First, let’s visualize multiple functional curves generated by our simulation:

library(ggplot2)
library(tidyr)
library(dplyr)

# Generate sample data
set.seed(42)
sim_data <- data_generator_vd(N = 100, J = 100)

# Select specific rows for plotting
selected_rows <- c(20, 30, 60, 80)

# Prepare data for plotting - Multiple curves
plot_data_multiple <- data.frame(
  time = rep(1:ncol(sim_data$X_s), length(selected_rows)),
  value = as.vector(t(sim_data$X_s[selected_rows, ])),
  curve = factor(rep(paste("Subject", selected_rows), each = ncol(sim_data$X_s)))
)

# Remove NA values while maintaining curve integrity
plot_data_multiple <- plot_data_multiple %>%
  group_by(curve) %>%
  mutate(is_na = is.na(value)) %>%
  filter(cumsum(is_na) == 0) %>%
  select(-is_na)

# Create a more professional color palette
colors <- c("#0072B2", "#D55E00", "#CC79A7", "#009E73", "#E69F00")

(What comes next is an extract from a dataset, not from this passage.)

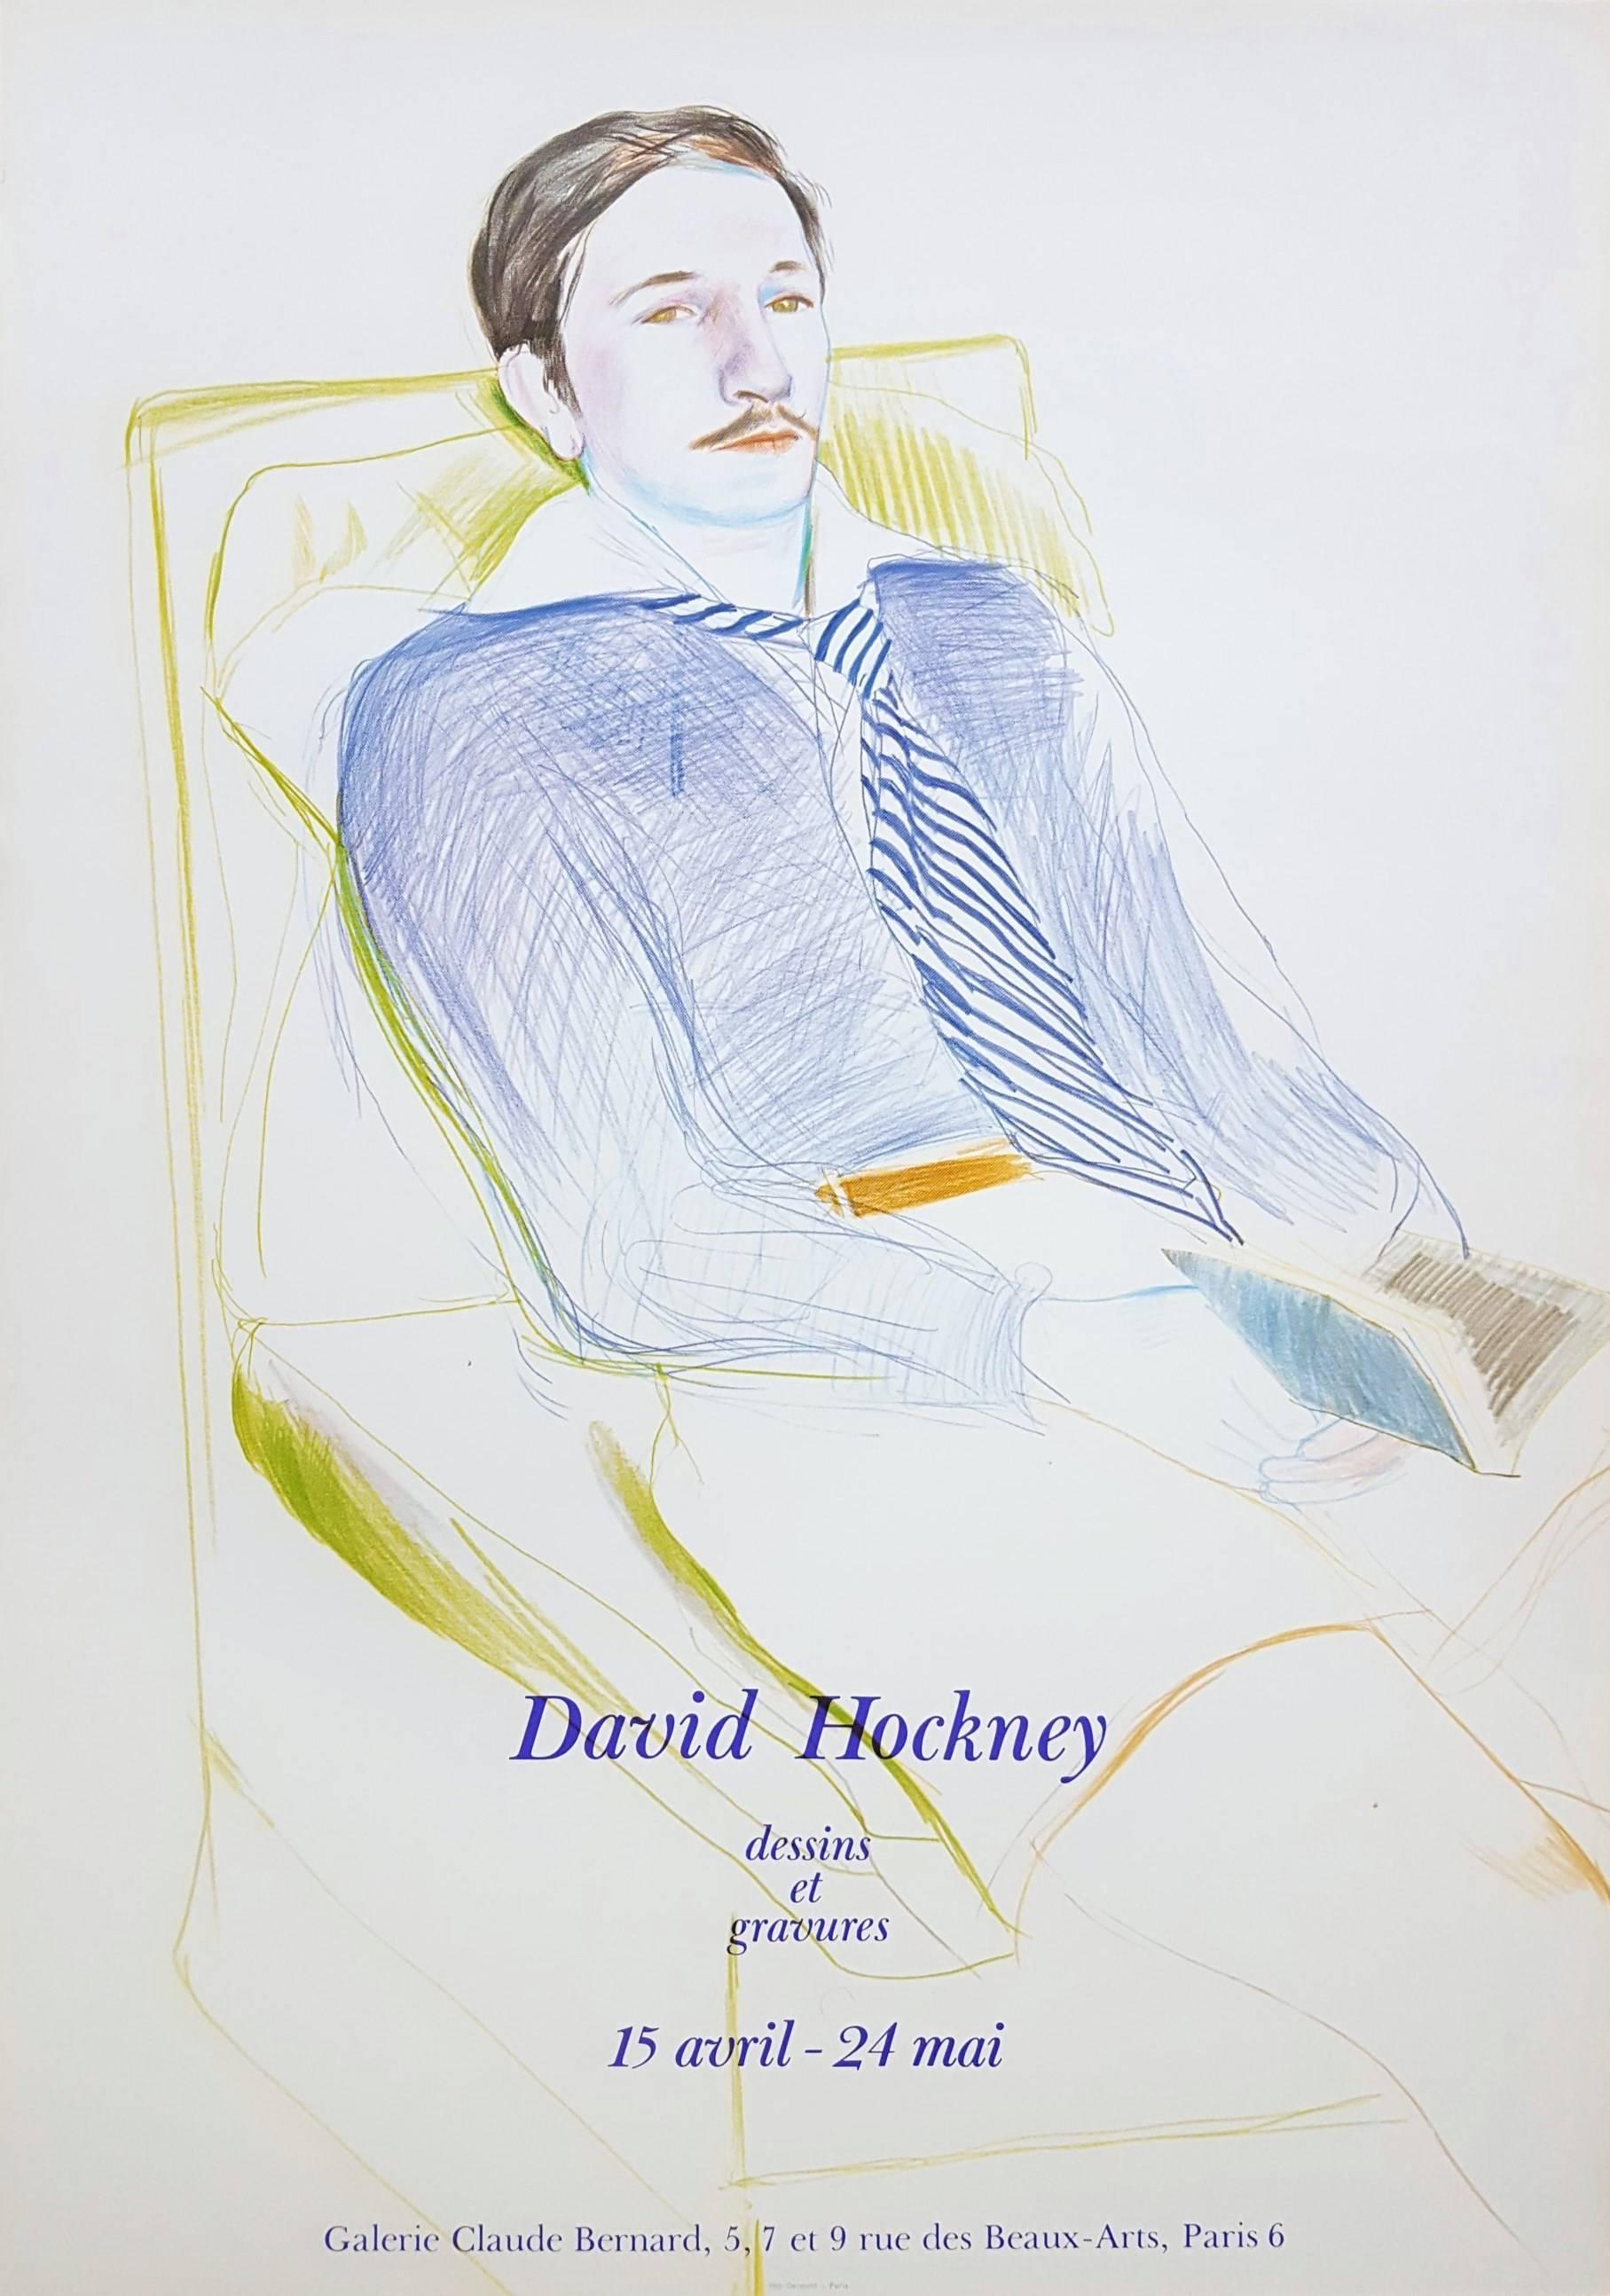 (after) David Hockney Portrait Print - Jacques de Bascher de Beaumarchais

p1 <- ggplot(plot_data_multiple, aes(x = time, y = value, color = curve)) +
  geom_line(linewidth = 1) +
  theme_minimal(base_size = 12, base_family = "sans") +
  scale_color_manual(values = colors) +
  labs(
    title = "Variable Domain Functional Data",
    subtitle = "Selected subjects showing different domain lengths",
    x = "Time",
    y = "Value",
    color = "Subject ID"
  ) +
  theme(
    plot.title = element_text(hjust = 0.5, size = 16, face = "bold"),
    plot.subtitle = element_text(hjust = 0.5, size = 12, color = "gray40"),
    legend.position = "right",
    legend.title = element_text(face = "bold"),
    panel.grid.minor = element_blank(),
    panel.grid.major = element_line(color = "gray90"),
    panel.border = element_rect(color = "gray90", fill = NA),
    axis.title = element_text(face = "bold")
  )

p1

This plot shows four different functional curves generated by our simulation. Notice how each curve has a different domain length and pattern, reflecting the variable domain nature of our data.

Original vs Noisy Curve

Next, let’s compare an original functional curve with its noisy version:

# Plot single curve with noise
selected_curve <- 50
plot_data_single <- data.frame(
  time = rep(1:ncol(sim_data$X_s), 2),
  value = c(sim_data$X_s[selected_curve, ], sim_data$X_se[selected_curve, ]),
  type = factor(rep(c("Original", "Noisy"), each = ncol(sim_data$X_s)))
) %>%
  filter(!is.na(value))

ggplot(plot_data_single, aes(x = time, y = value, color = type)) +
  geom_line(linewidth = 1) +
  theme_minimal() +
  scale_color_manual(values = c("Original" = "#1f77b4", "Noisy" = "#ff7f0e")) +
  labs(
    title = "Original vs Noisy Functional Curve",
    x = "Time",
    y = "Value",
    color = "Type"
  )

This visualization shows how the added noise affects a single functional curve. The blue line represents the original functional data (X_s), while the orange line shows the same curve with added noise (X_se). The noise level is proportional to the variance of the original curve, ensuring consistent relative noise levels across different curves.

These visualizations help us understand the structure and characteristics of the simulated data, including the variable domain lengths and the impact of added noise.